Taken together, although colonization of a certain subtype of Blastocystis sp. does not seem to be correlated with IBS, it was suggested that there are significant differences in the protease activity of different subtypes of Blastocystis sp. (50). Importantly, proteases released by Blastocystis sp. can disrupt the epithelial barrier and actin filaments, increase gut permeability, and subsequently develop IBS (51–53). Moreover, a most recently published study suggested that Blastocystis sp. ST3 can modulate the expression levels of microRNAs involved in the gut barrier integrity, and claudin-7 (54). Notably, claudin-7 is categorized among pre-sealing tight junction proteins and plays a critical role in reducing the permeability of the gut (55).
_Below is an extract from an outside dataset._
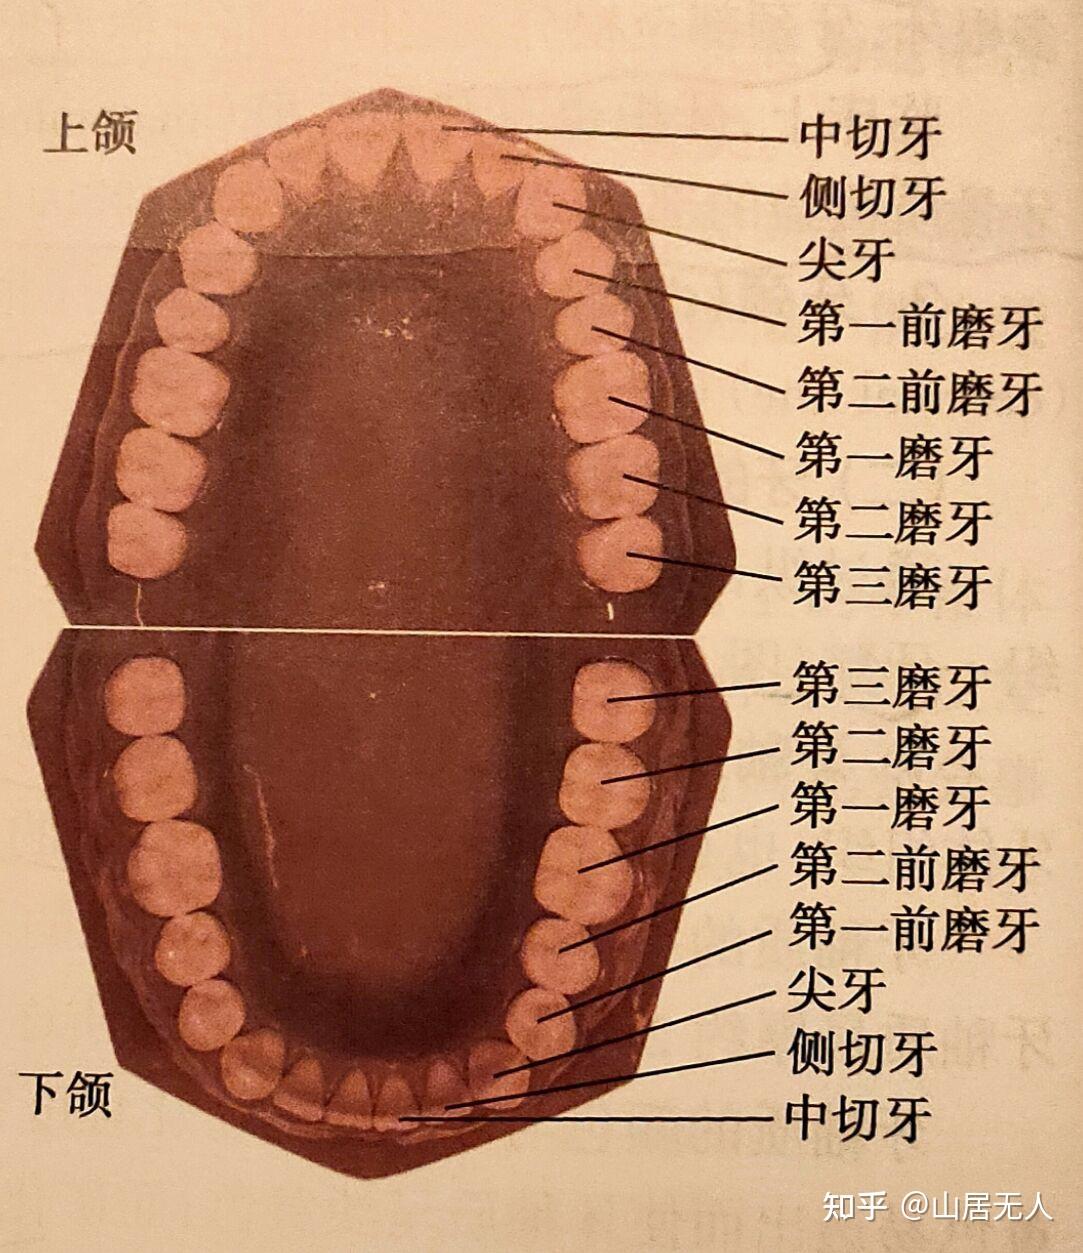 牙分为前牙与后牙,其中前牙包括切牙和尖牙,后牙包括前磨牙和磨牙.1.

The microbiota is comprised of the microbial community of the human body, which is made up of a variety of microorganisms, including bacteria, viruses, fungi, and protozoa. The gut microbiota consists of between 10 and 100 trillion cells, which are ~10 times the total cells of a human (56). The gut microbiome has the highest number of microbial communities. The number of microbial genes in the gut is estimated to be 150 times higher than the genes of human origin (57). Current documentations demonstrated four bacterial phyla, including Firmicutes, Bacteroidetes, Proteobacteria, and Actinobacteria, are the core of the gut microbiota of which Firmicutes and Bacteroidetes are predominant (58–60).

The gut microbiota composition is linked to a couple of intestinal and extra-intestinal disorders (61–64). Changes in the GI microbiota (is known as dysbiosis) can affect the immune responses, metabolism, and intestinal permeability, resulting in a pre-inflammatory state. Such changes can disrupt the functions of the host's immunity and metabolic systems, which may lead to diseases, such as diabetes, obesity, GI, neurological, and autoimmune disorders (61, 63, 65, 66). A number of studies have demonstrated a link between changes in the gut microbiota and incidences of gut-related diseases, such as obesity, non-alcoholic steatohepatitis (NASH), IBS, inflammatory bowel disease (IBD), celiac disease, and GI neoplasms (61, 66–68).

The correlation between gut microbiota dysbiosis and IBS conditions is well-established (69, 70). A correlation between the severity of IBS and a gut microbiota signature has been demonstrated (71). PI-IBS, small intestine bacterial overgrowth (SIBO), stress, antibiotics, diet, and early childhood experiences shape the gut microbiota and affect the incidence rate of IBS (72).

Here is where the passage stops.